I want to rant more, to make you all laugh and smile. I encourage people to laugh at my expense because even then, they are smiling and I am the reason for it. This blog has given me so much pride in my ability as a writer because just two days ago, I got 100 views in one night and I was ecstatic about it. Writing is my passion because, though I sound the arrogant twat in written form, in reality I barely speak a word to anyone about anything – my own family and girlfriend included. I’m a reserved man and save all emotions for those I think I can trust enough to witness them, but otherwise I am playing as myself through smoked glass for social reasons. I’ve hurt many friends, and made many enemies either through being a pigheaded fool or through trying to defend something, and my life is full of people who will never speak to me again. I never gave it much thought but recently, it’s started to hurt and all the scars of my past ache as one inside my head, laughing at me for my failures in life. I used to just power my way through anything and everything and thought myself the greatest man alive when I was younger, and even now the arrogance I display is that of self-assured superiority of intellect and complexity than my peers but ultimately it is all just a bluff, a safeguard to hide the shame I feel in being me.

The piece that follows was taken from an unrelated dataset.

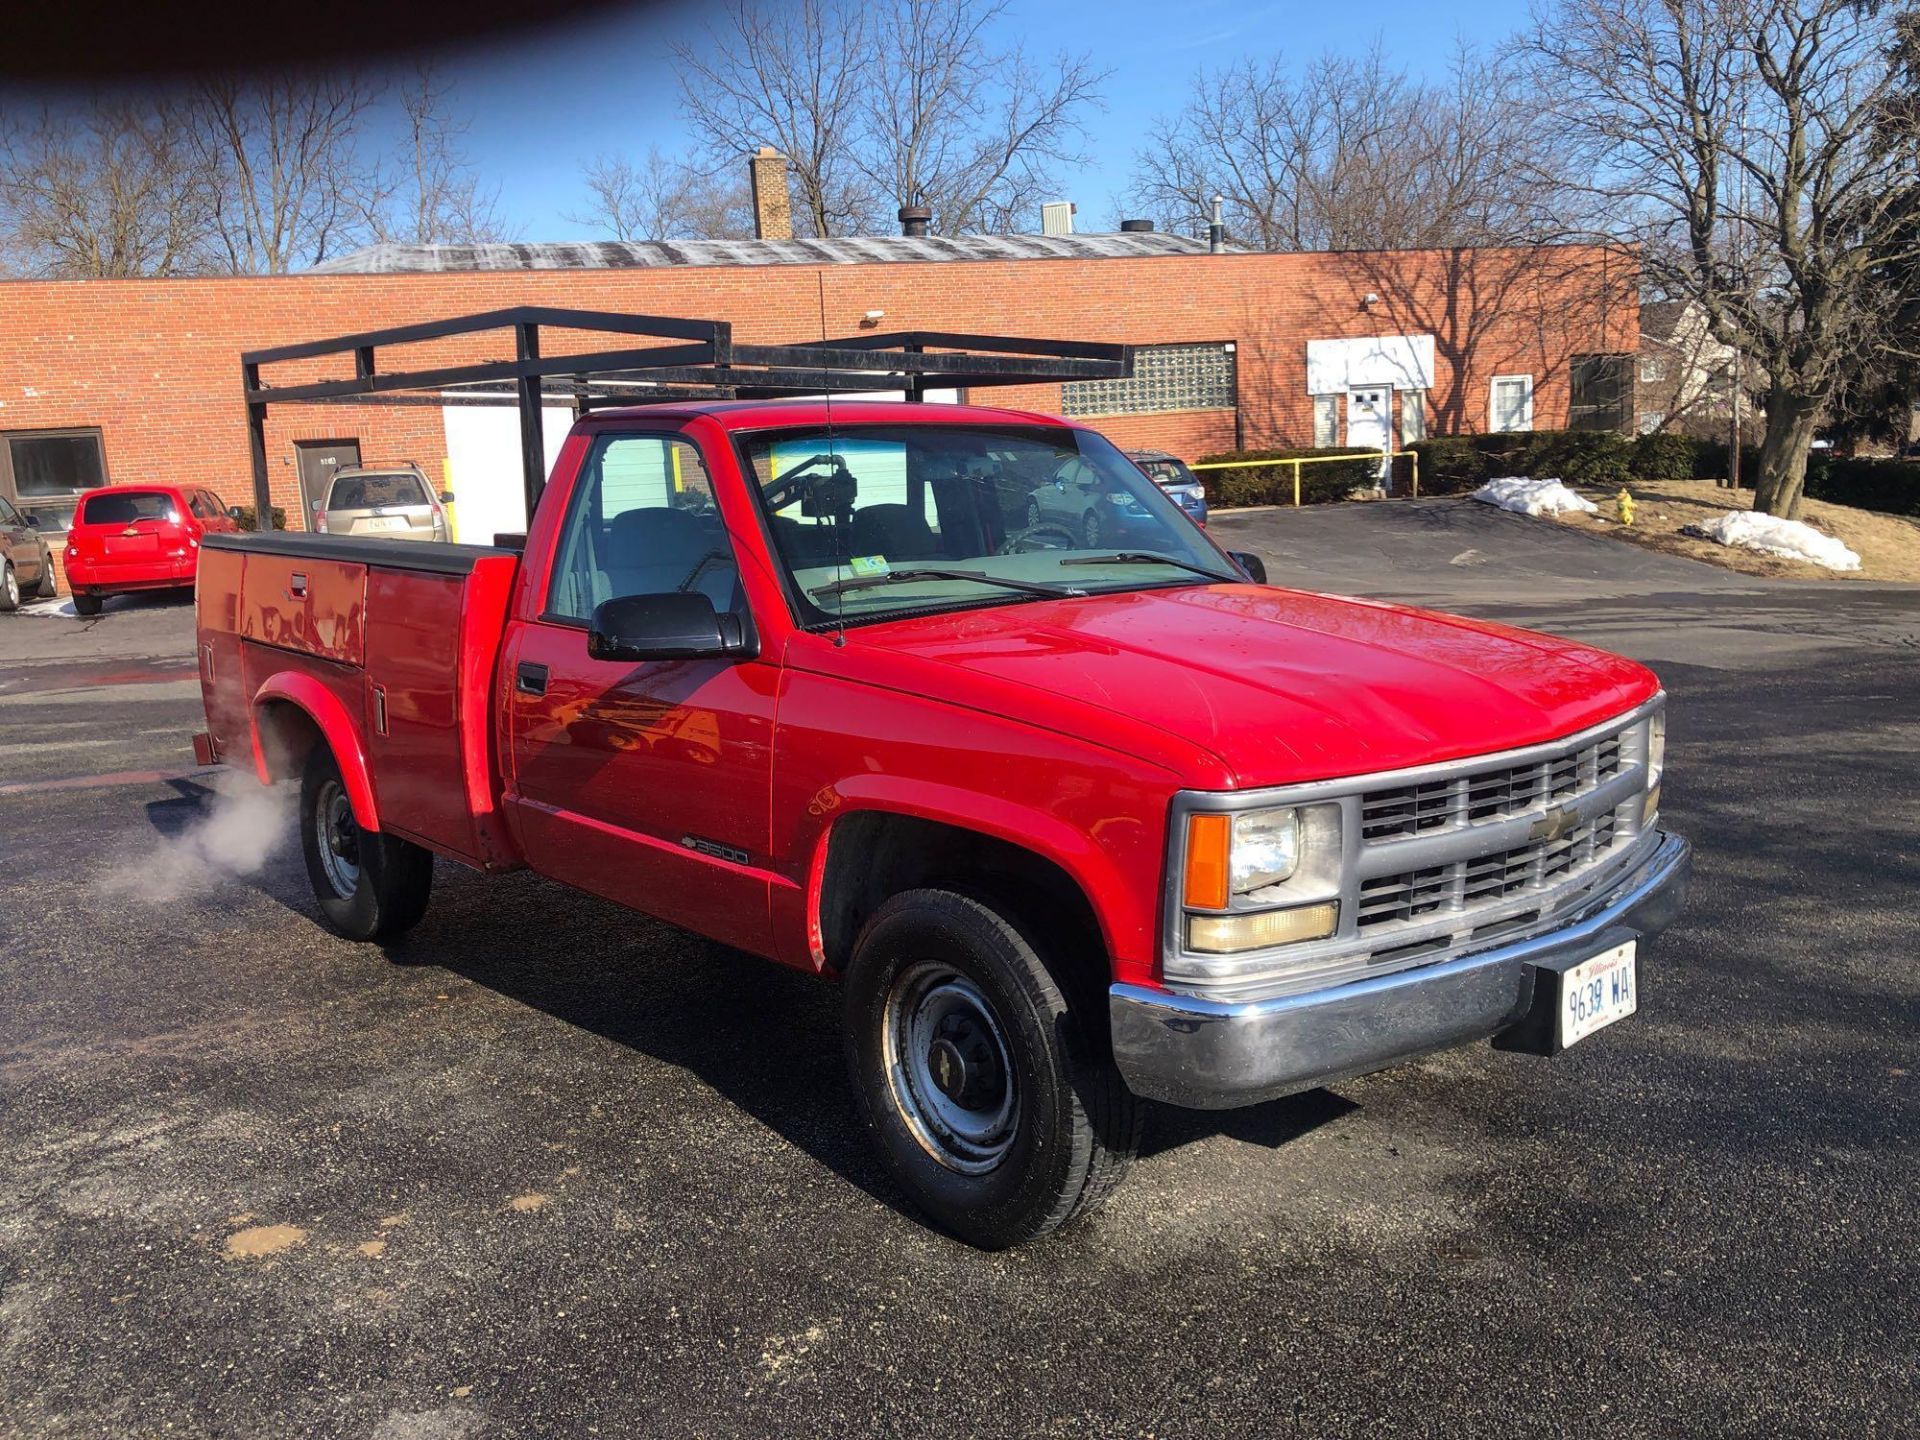 1999 GM Utility Truck with Slide Open Cap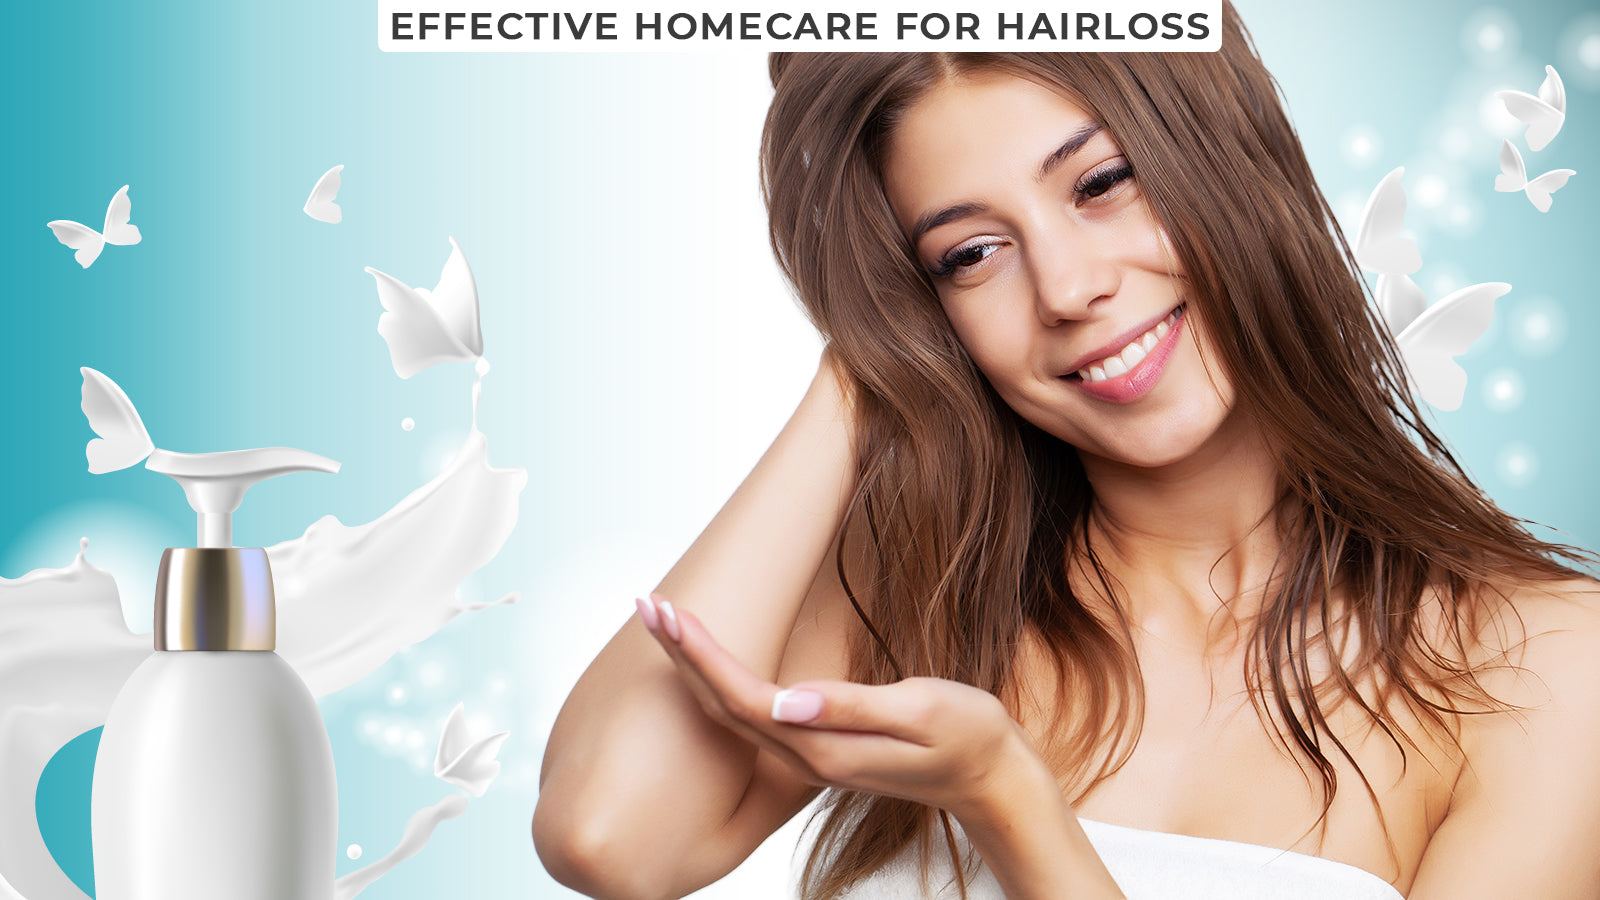 Effective Homecare for Hairloss

Friends and lovers, you are exceptional creatures if you truly value me as something more than a destructive and unsocial monstrosity that you manage to cope with because there are times when I really don’t like myself. My enemies, and there are many, love to look down upon me as this scheming and filthy little cretin that plagues their existence and should be snuffed out and though I loathe being patronised and looked down upon, especially by those whom I do not consider greater beings, I cannot do much more than bark. I’m weak, physically and mentally, and have been for some time. I used to fight off all enemies with ease and would crush anyone who dared speak against me but now I can’t find the strength to swat a fly. I’m falling apart and my whole world is crashing and burning but I don’t write to you to beg for the mercy of my fellow men but to tell them that if this is what they sought, they have won. I am a broken man, a wolf without claws. Look at me now, revealing the weakness in my heart to an anonymous sea of glaring screens and scrutinising eyes that look to me and expect to see something. A hero, a comedian, a fool, a monster – I am all these things and none, for I fear I cannot remember who I truly am or who I truly wanted to be. I wanted only to live for love and honour, to make my mother proud of the son who hesitated and cowered in fear, and to show the world that I am a man to be recognised through the words of my soul.
This was inevitable and now I am lost inside of myself, fighting a war in my own head as to who I should be? Does this chaos justify anger? Fear? Should I weep and beg for salvation? Should I shift the blame for what went wrong in my life to my situation or onto others? Was I ever justified in anything I did in my life, or does justice count for nothing in this age? I must seek answers within myself and my past if I am to have a future where I can call myself a man of the people and ever hope to mend the broken bridges between myself and this world we live in.